Collected material:
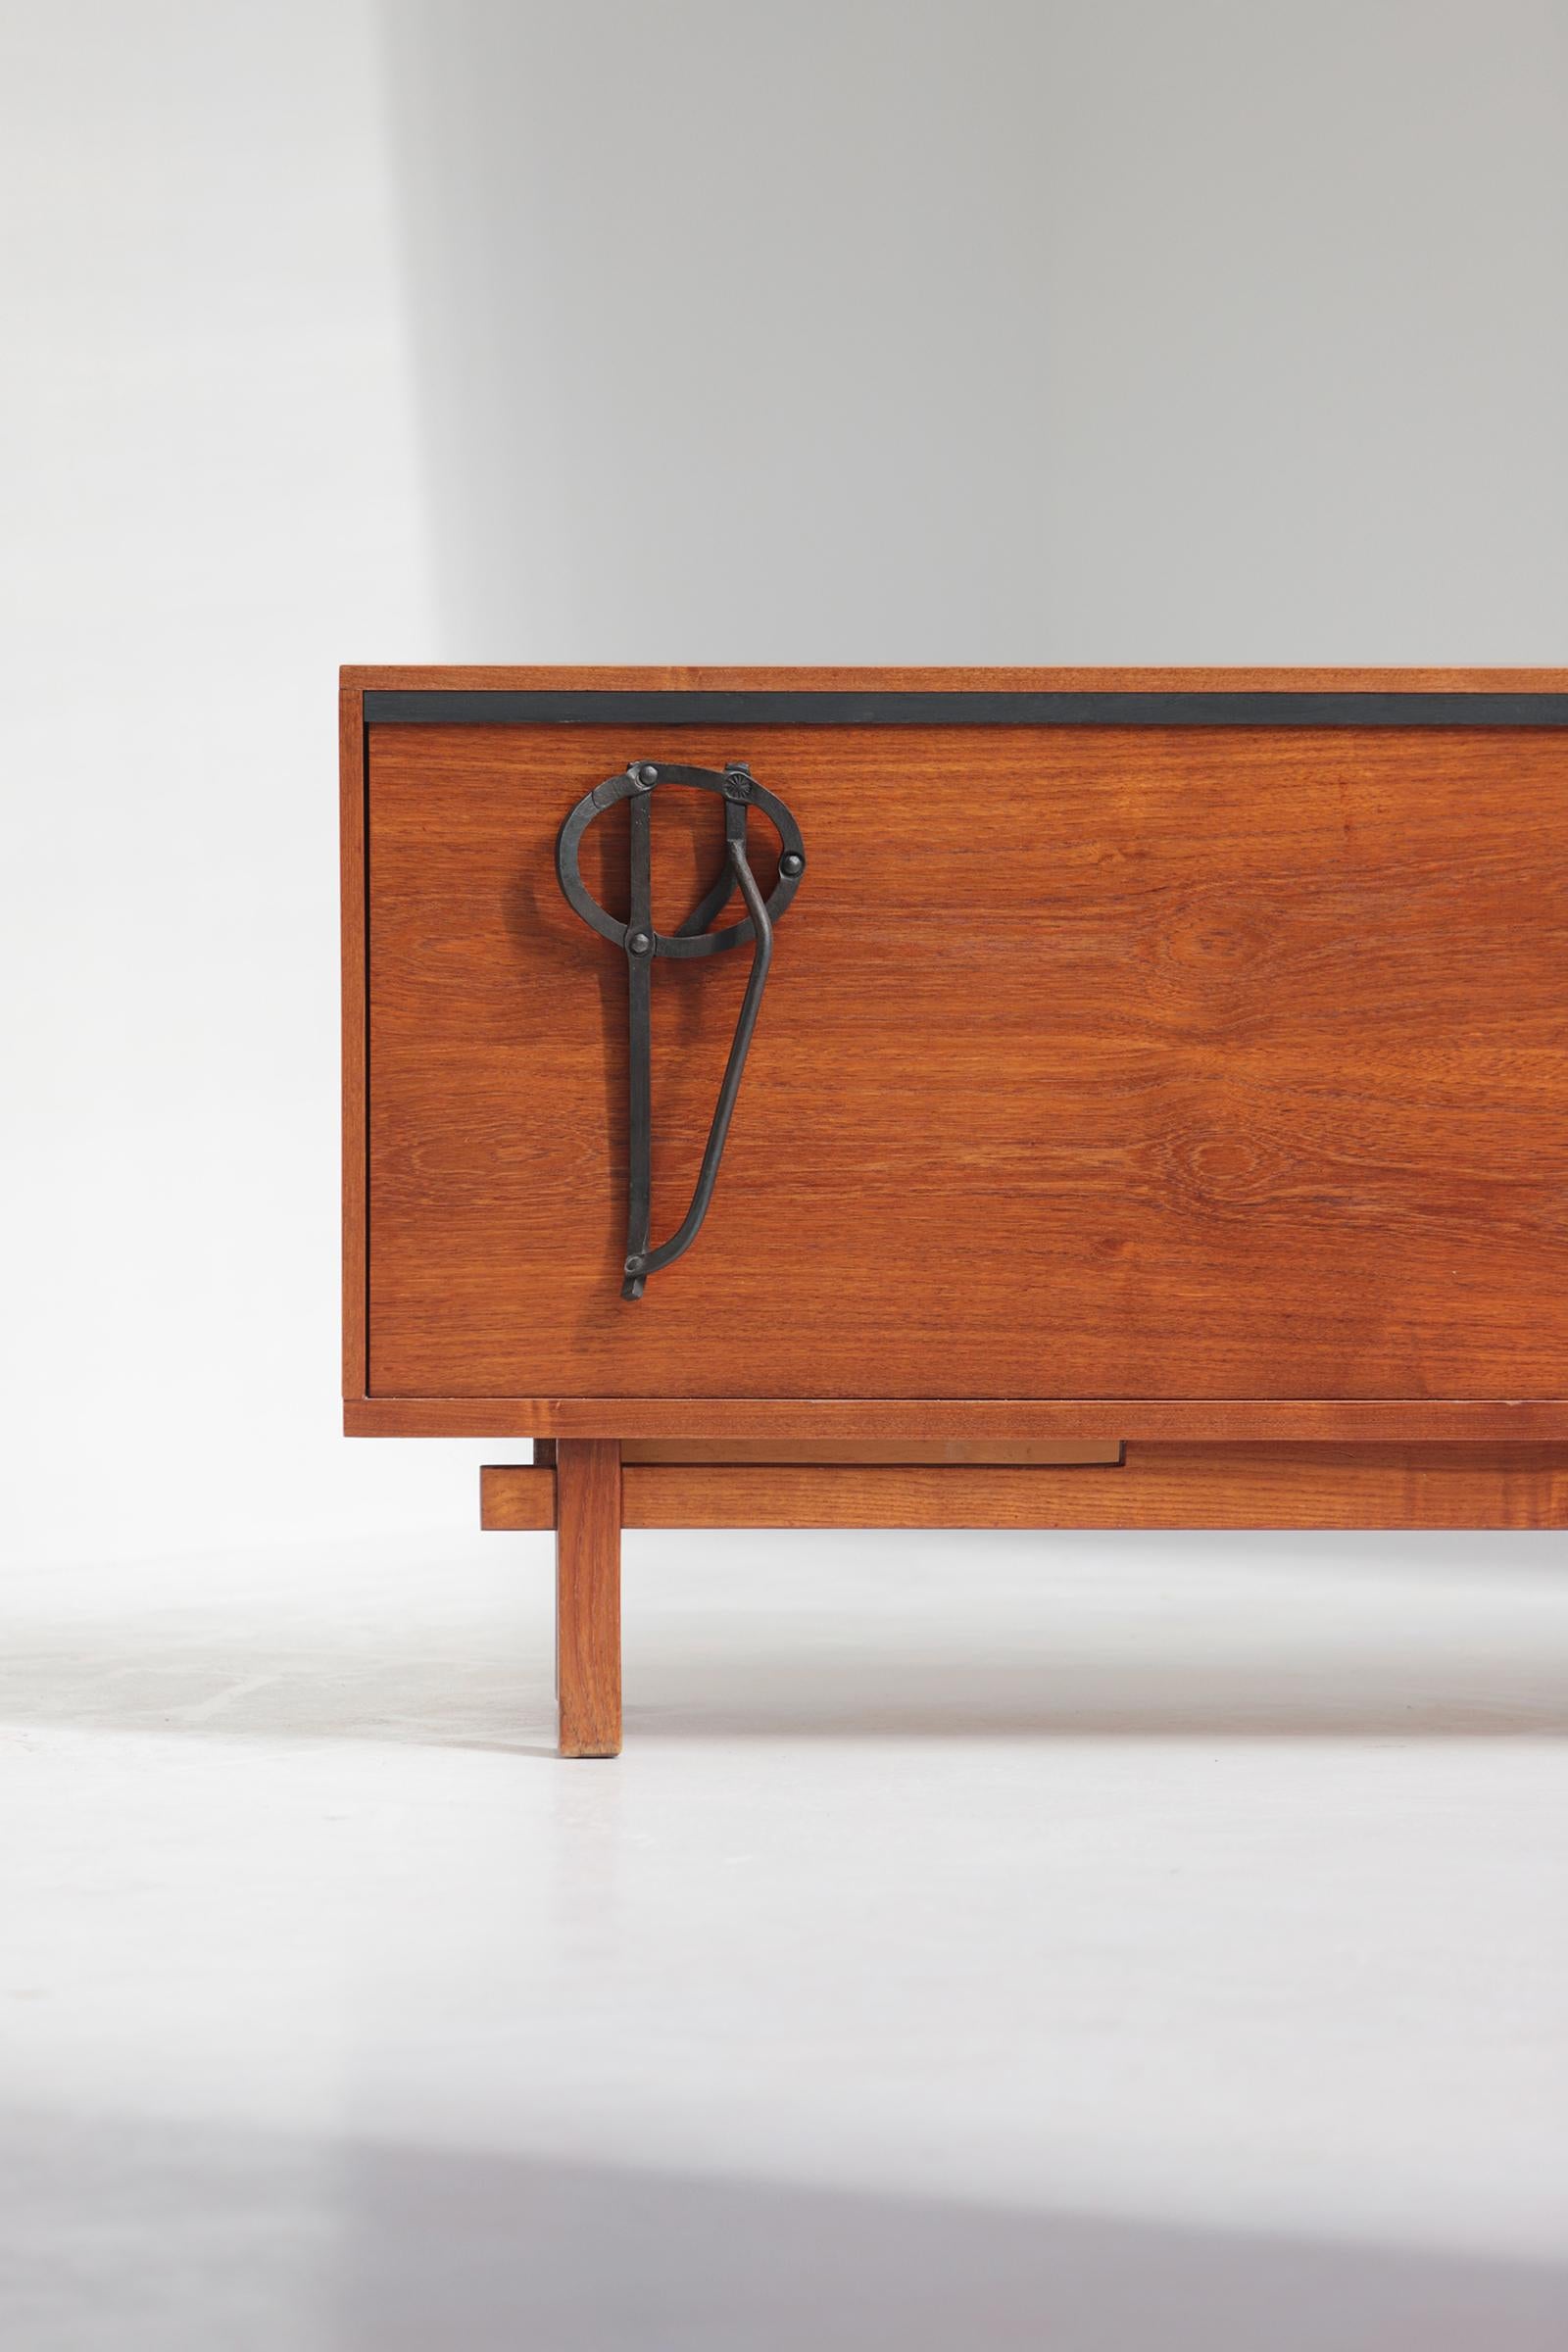 Belgian Midcentury wooden sideboard by J. Batenburg and E. Souply for MI Belgium 1960s.
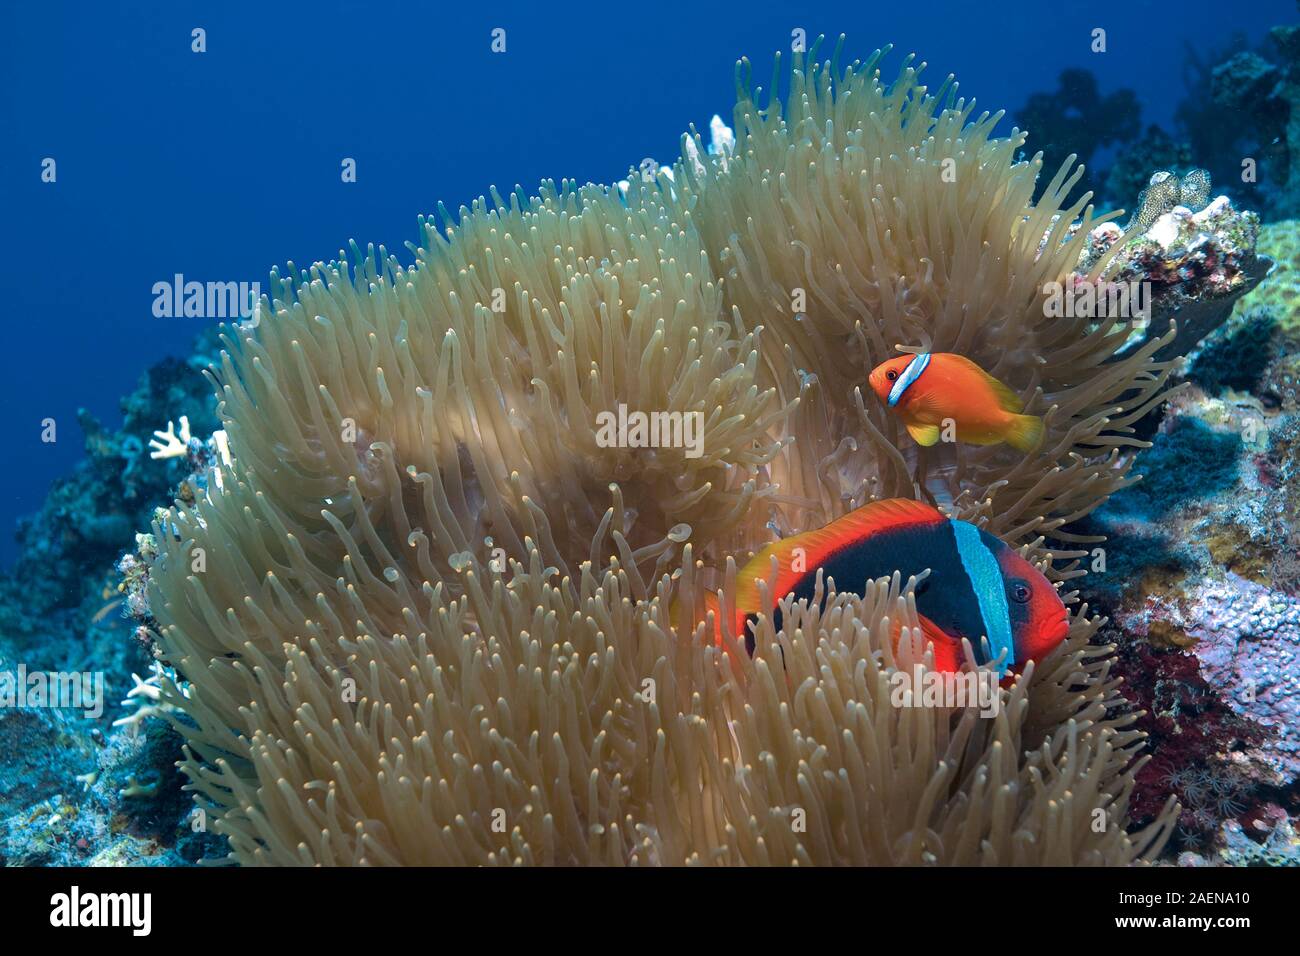 Redfin anemonefish or Bridled anemonefish (Amphiprion frenatus) lives in symbiose with the sea anemones, Sabang Beach, Mindoro, Philippines Stock Photo
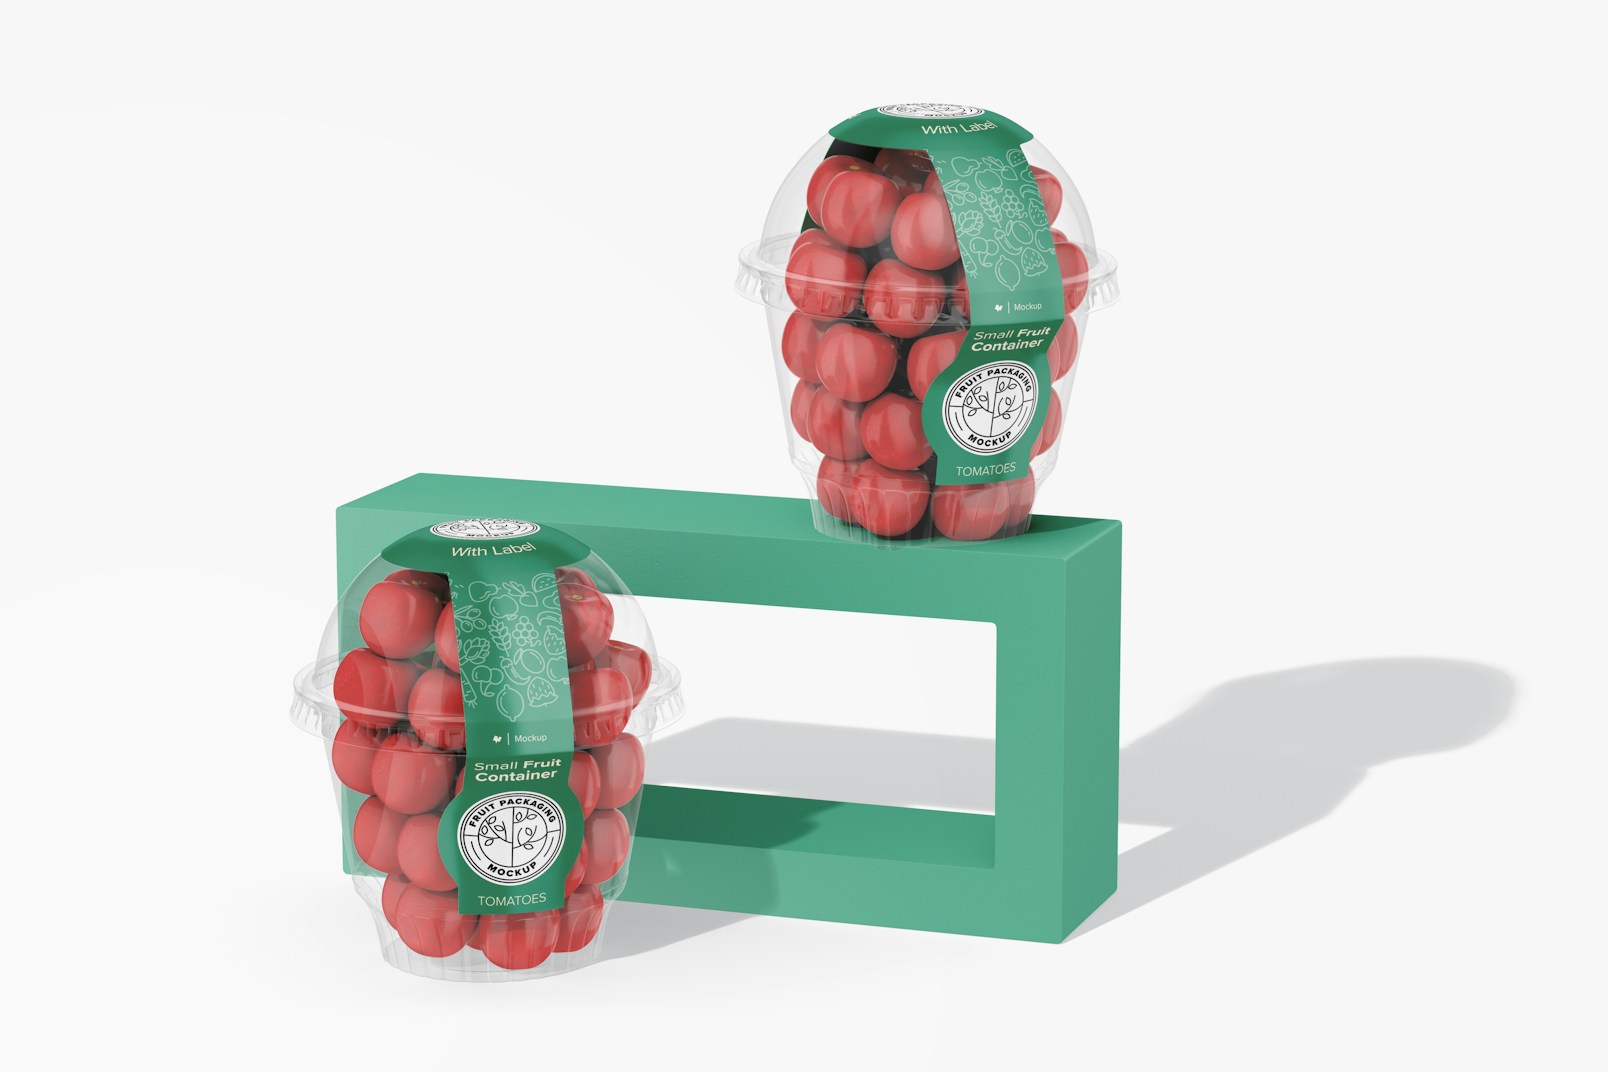 Small Fruit Containers With Lid Mockup, on Podium

Task requirements: All that's required is the material above repeated exactly, minus any picture.

Completed exercise:
 Belgian Midcentury wooden sideboard by J. Batenburg and E. Souply for MI Belgium 1960s.
 Redfin anemonefish or Bridled anemonefish (Amphiprion frenatus) lives in symbiose with the sea anemones, Sabang Beach, Mindoro, Philippines Stock Photo
 Small Fruit Containers With Lid Mockup, on Podium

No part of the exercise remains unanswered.